At the time, I was pretty upset that he lied. Not because I thought he was an honorable man, but because everything was so petty. The republicans were trying their damnedest to nail him on something, anything. The best they could do was to come up with some fairly tame porn.
Now, after seeing G. W. Bush lie about everything from our reasons for invading Iraq, our treatment of prisoners, illegally spying on Americans, secret CIA prisons, etc, I think Clinton was a fucking saint. JFK is a well-respected ex-president with a history of sexual misconduct in the white house. Nixon is a reviled ex-president with a history of spying and lying.
I can see the similarities.
Microsoft is to software what Budweiser is to beer.
Someone within HP is acting against Mark Hurd, otherwise documents demonstrating his direct culpability would not have surfaced. It appears to me that this information seals Hurd's fate... he will probably lose his job, face criminal charges, and be the target of a class action lawsuit from the reporters from whom he fraudulently obtained phone records.
The question is who is leaking and why.
HP is now the synthesis of Compaq and DEC, and there probably isn't an HP employee who doesn't know of a terminated coworker. Perhaps it is possible that someone with a grudge over a past termination decided to eliminate Hurd.
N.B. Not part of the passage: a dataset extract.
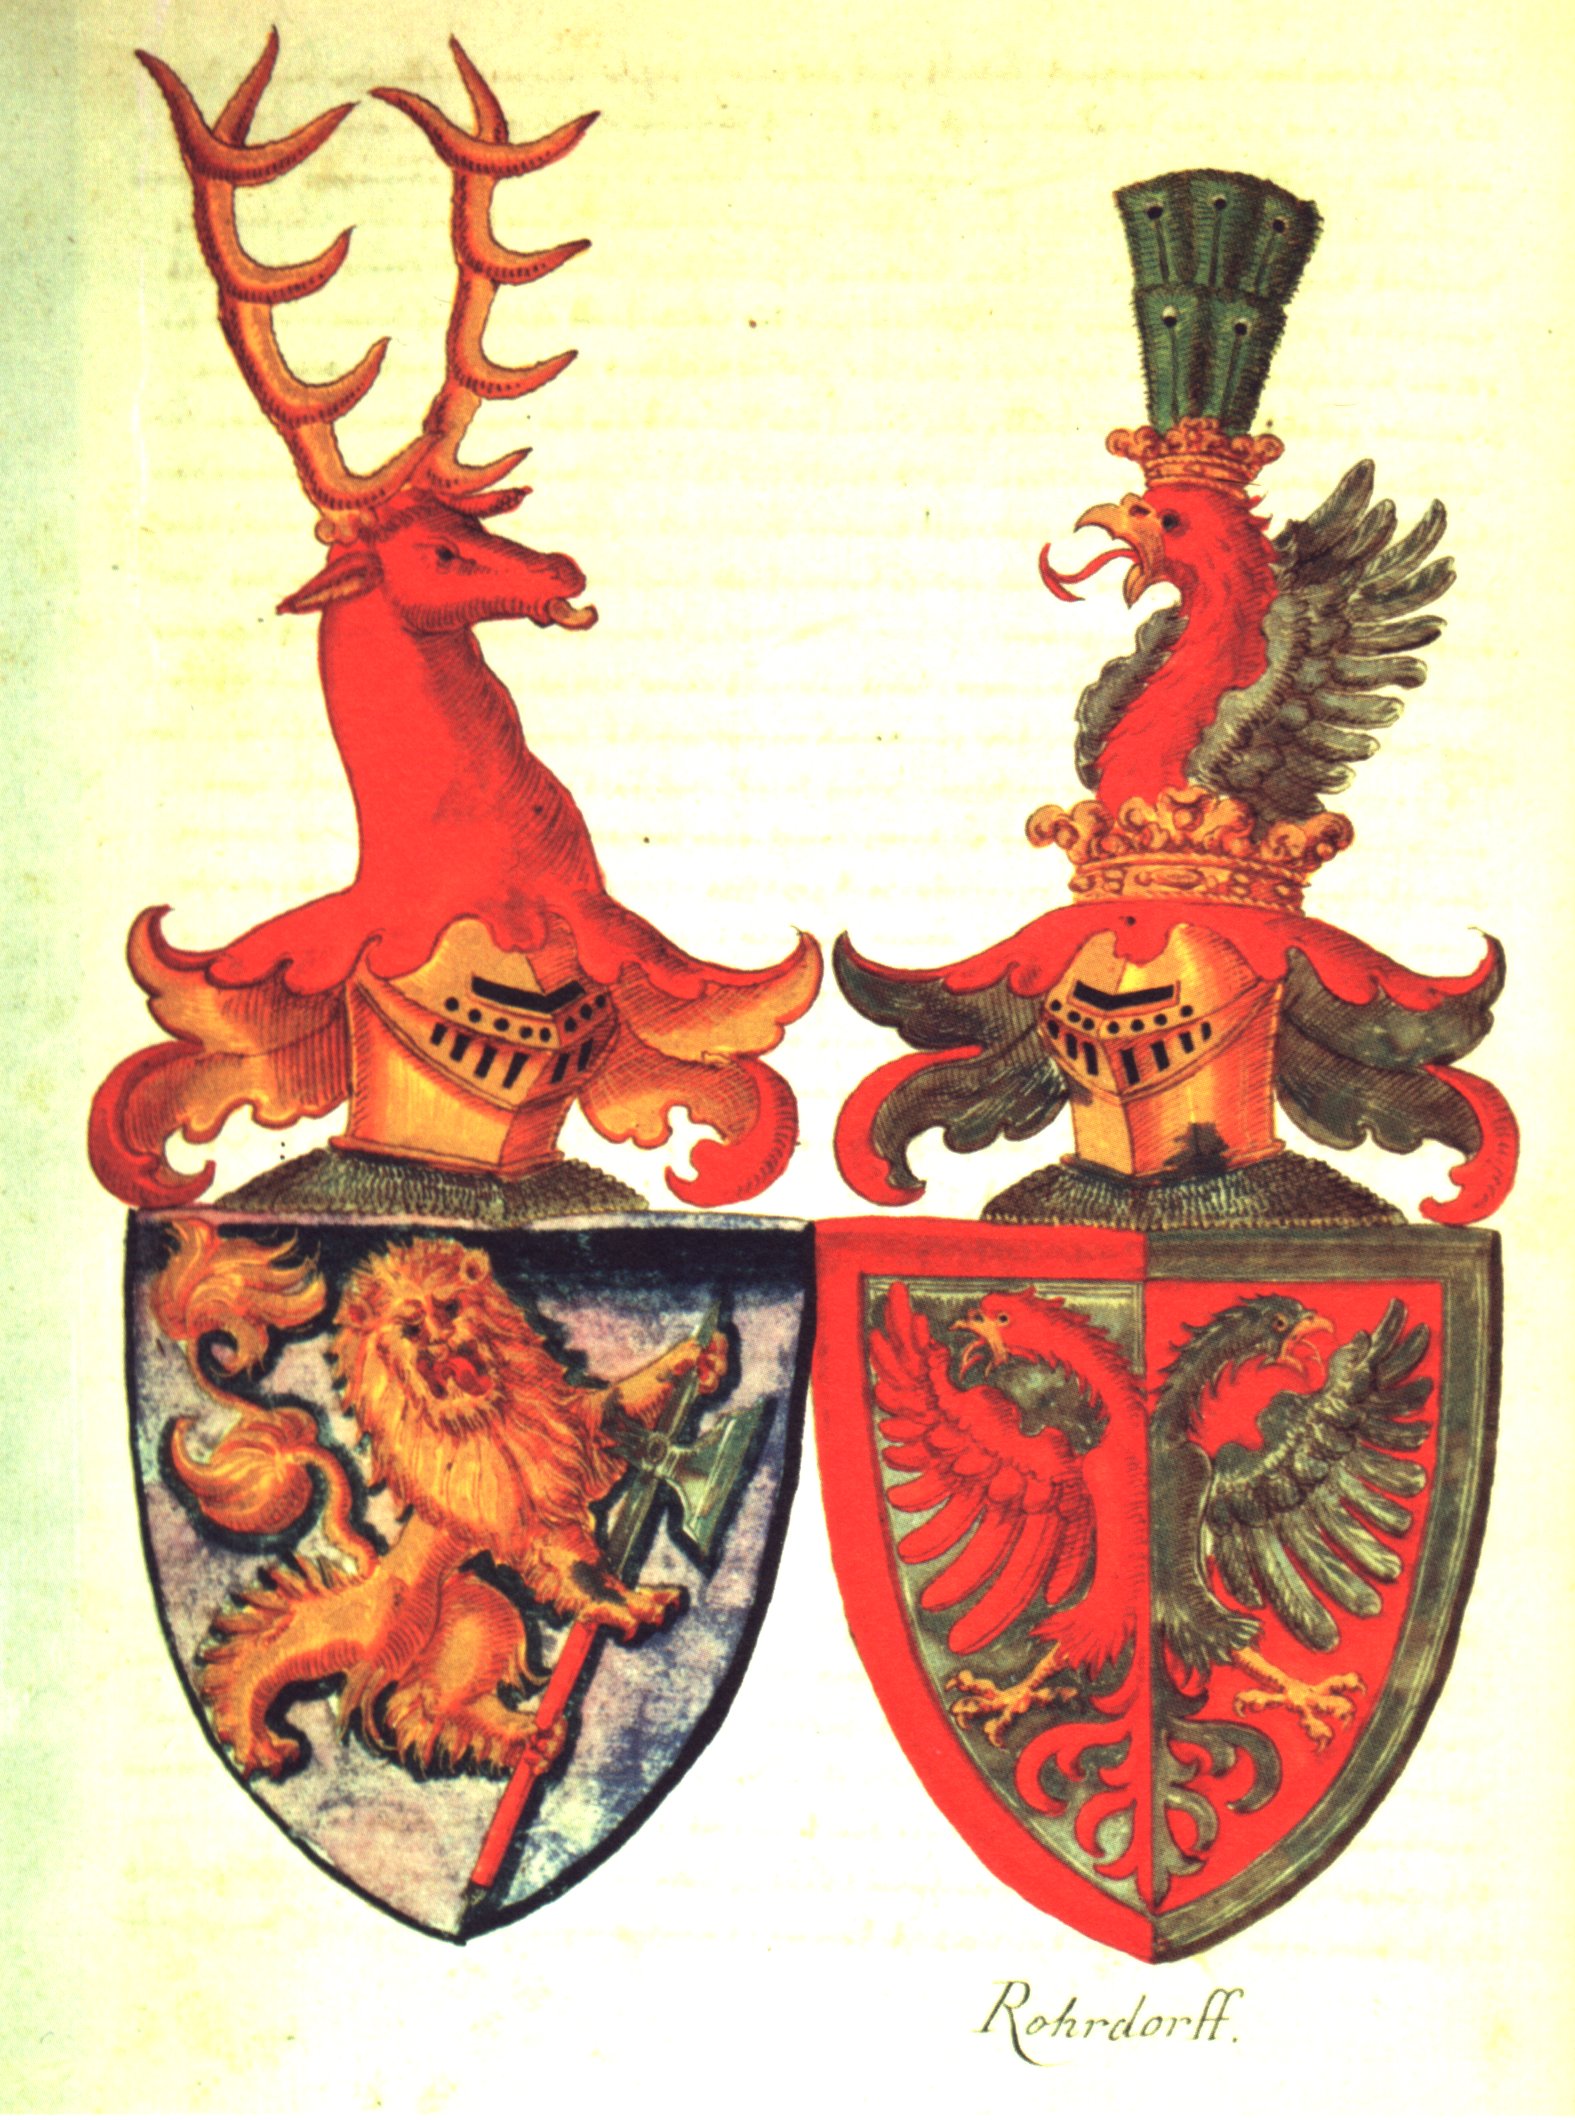 Heraldic Courtesy: Most Up-to-Date Encyclopedia, News & Reviews
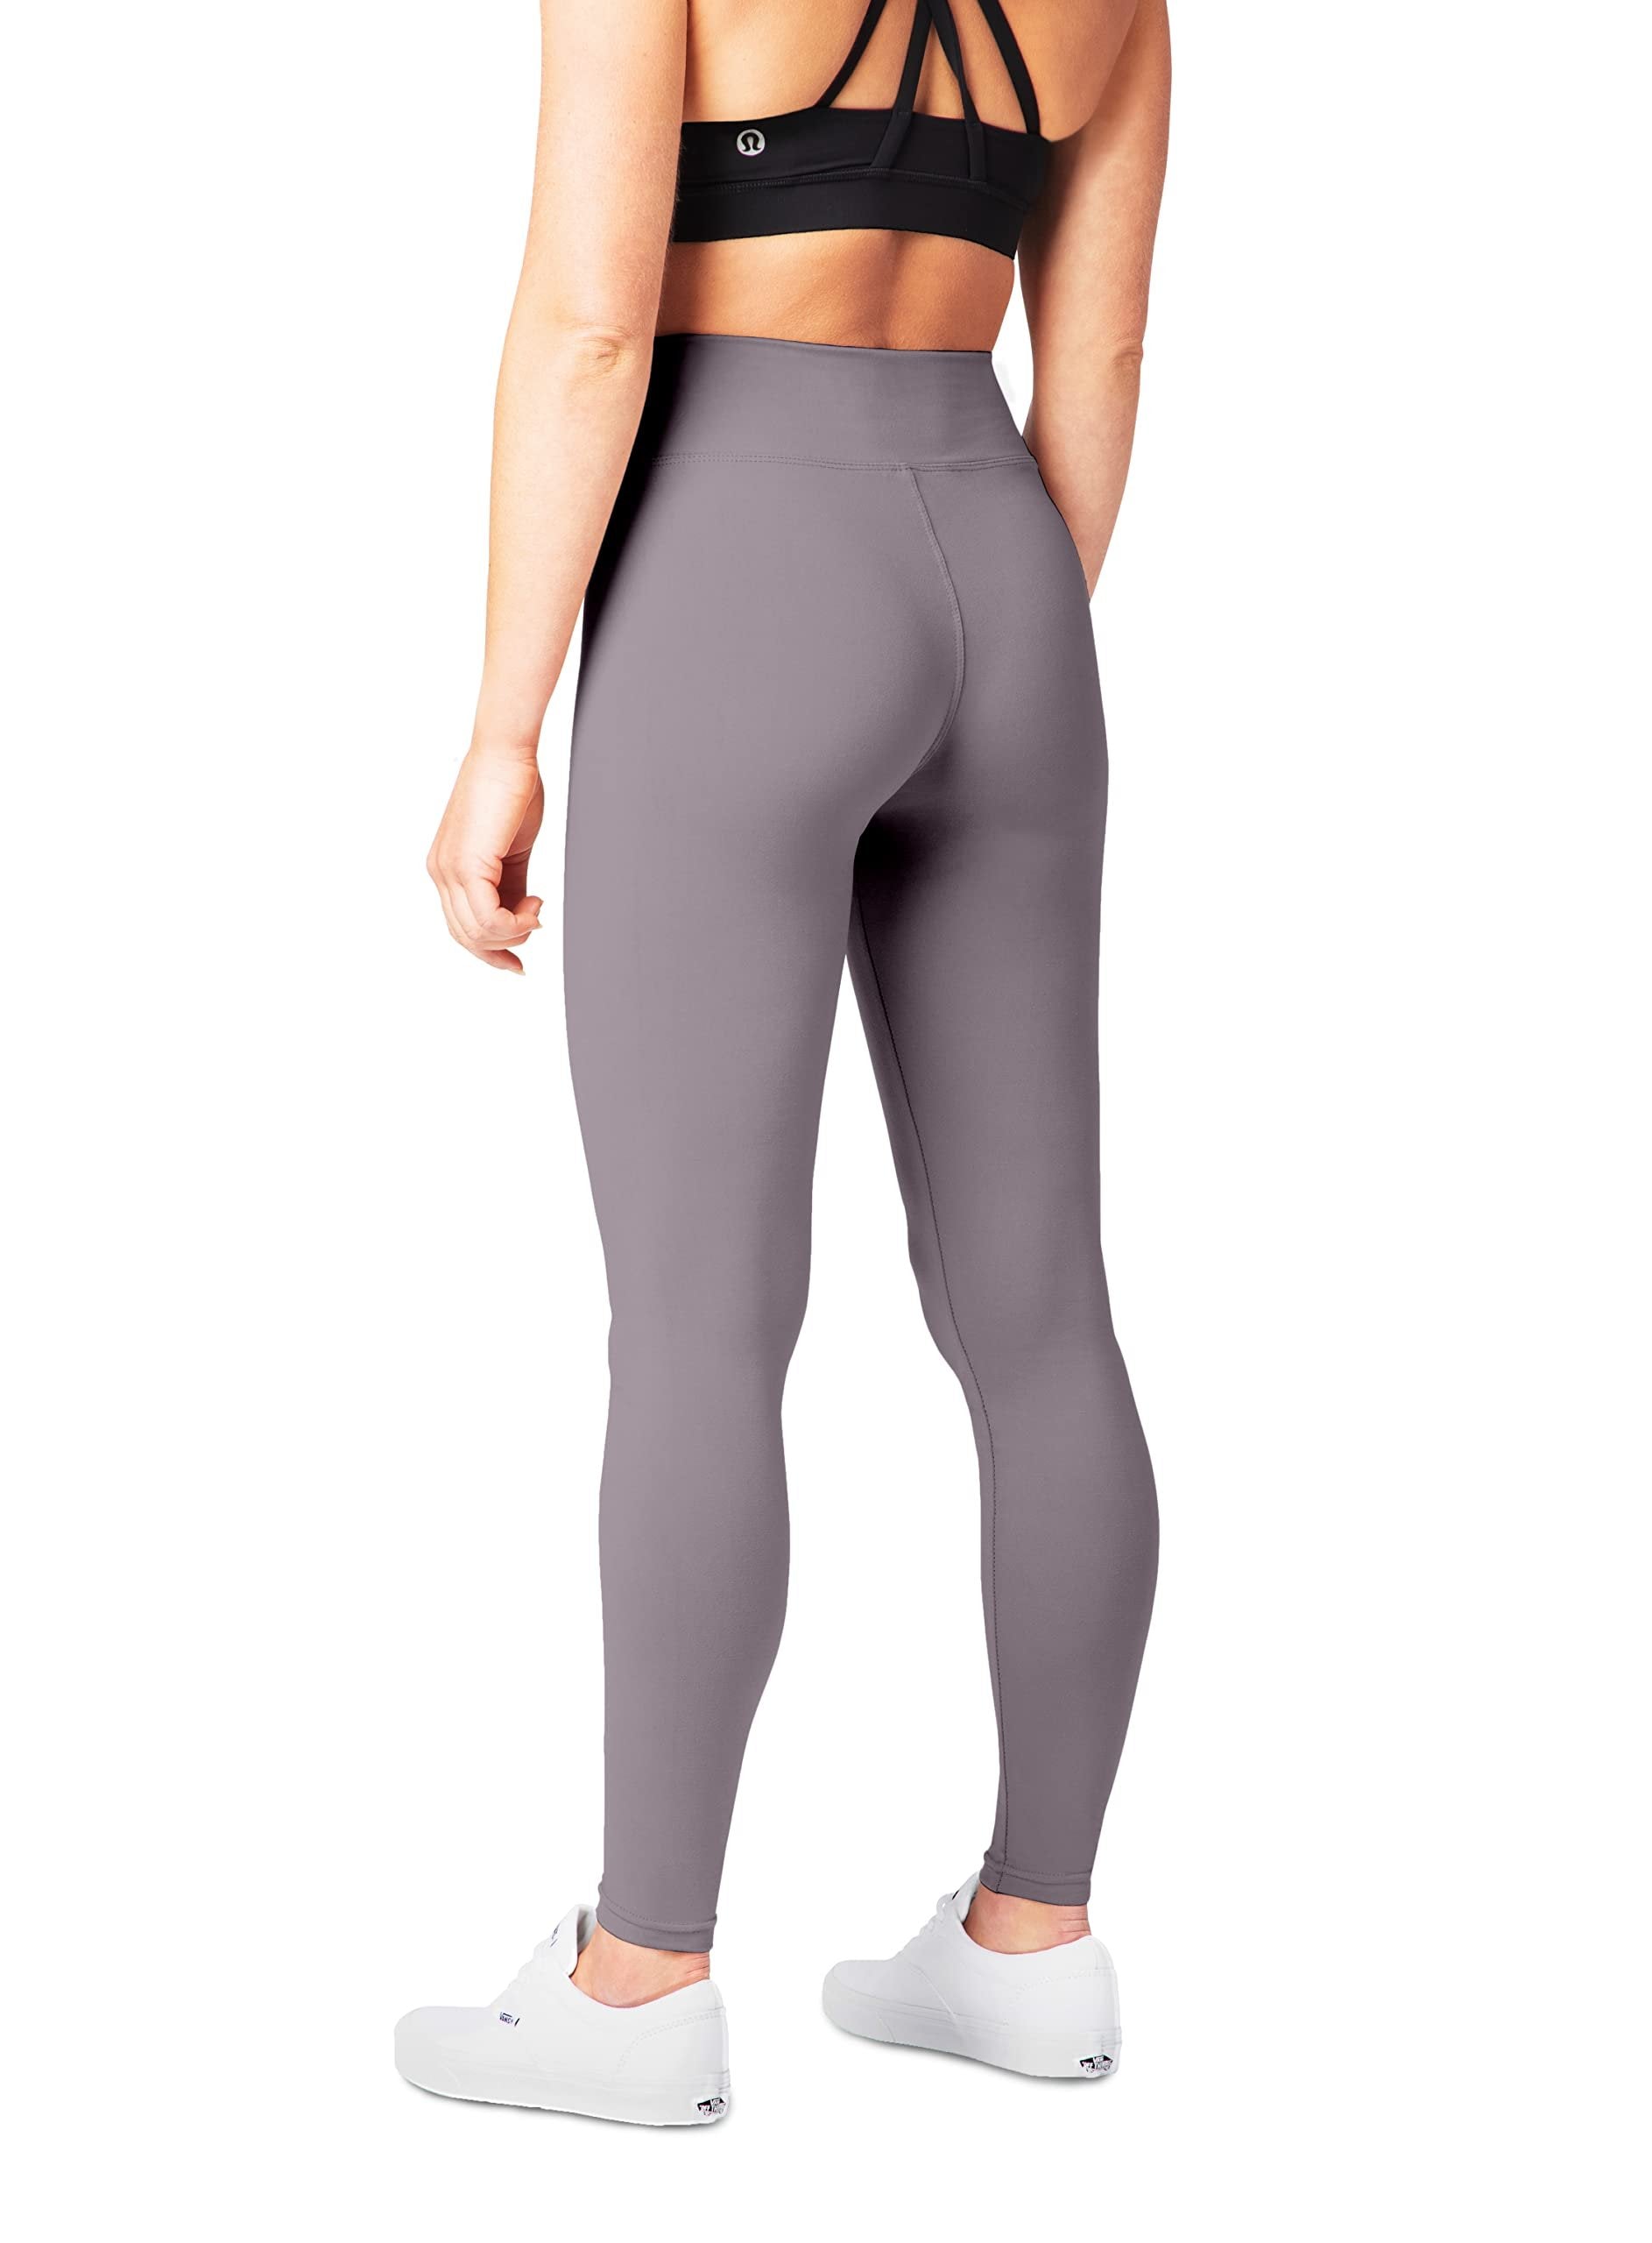 SATINA High Waisted Leggings for Women - Workout Leggings for Regular & Plus Size Women - Lilac Gray Leggings Women - Yoga Leggings for Women |3 Inch Waistband (Plus Size, Lilac Gray)

But then again, the terminations aren't over. Perhaps someone in the crosshairs decided to halt the process by taking out the CEO.
Or perhaps the leaker is directly involved in this chain of activity and is covering themselves by sacrificing the superior.
In any case, HP has not done well with executives from Lucent and NCR/Terradata. Perhaps it is time to consider promoting from within? Where can HP find someone to restore the HP way? Certainly not from outside.
I'm done with your products. I'm tired of your 500 MB Print Drivers anyway. But more importantly, we the consumers, have to take a stand where you'll notice: at the bottom line. So from now on, you're dead to me. I'll buy from a competitor.
Get Bent!
because I have been enjoined by this Holy Office to abandon the false opinion which maintains that the Sun is the centre
If ignorance is no excuse for not being able to follow tax laws which even the people in charge of understanding and giving advice on (the US IRS) can misunderstand upwards of 20% of the time, why is it a reasonable excuse for a someone presented with the information who refused to read documents given him discussing the actions and left meetings discussing the spying? MH could have and should have known what was going on, and chose to be ignorant. If you knowingly evade knowledge, shouldn't that be analogous to the "unclean hands" doctrine in law (you can't evade knowledge and subsequently claim ignorance as a defense)?
As a sidebar, why does "responsibility" at this level not involve any actual negative consequences to the guilty parties? If one takes responsibility for an act, does that not require acceptance of the consequences caused and a good-faith effort to mitigate the consequences? In business, "responsibility" seems to mean "fire a bunch of people not you, wait a while, and get a large severence bonus when you retire'", unless you're not in charge, in which case it becomes "You're fired. Be glad we don't sue you and have you publicly flogged."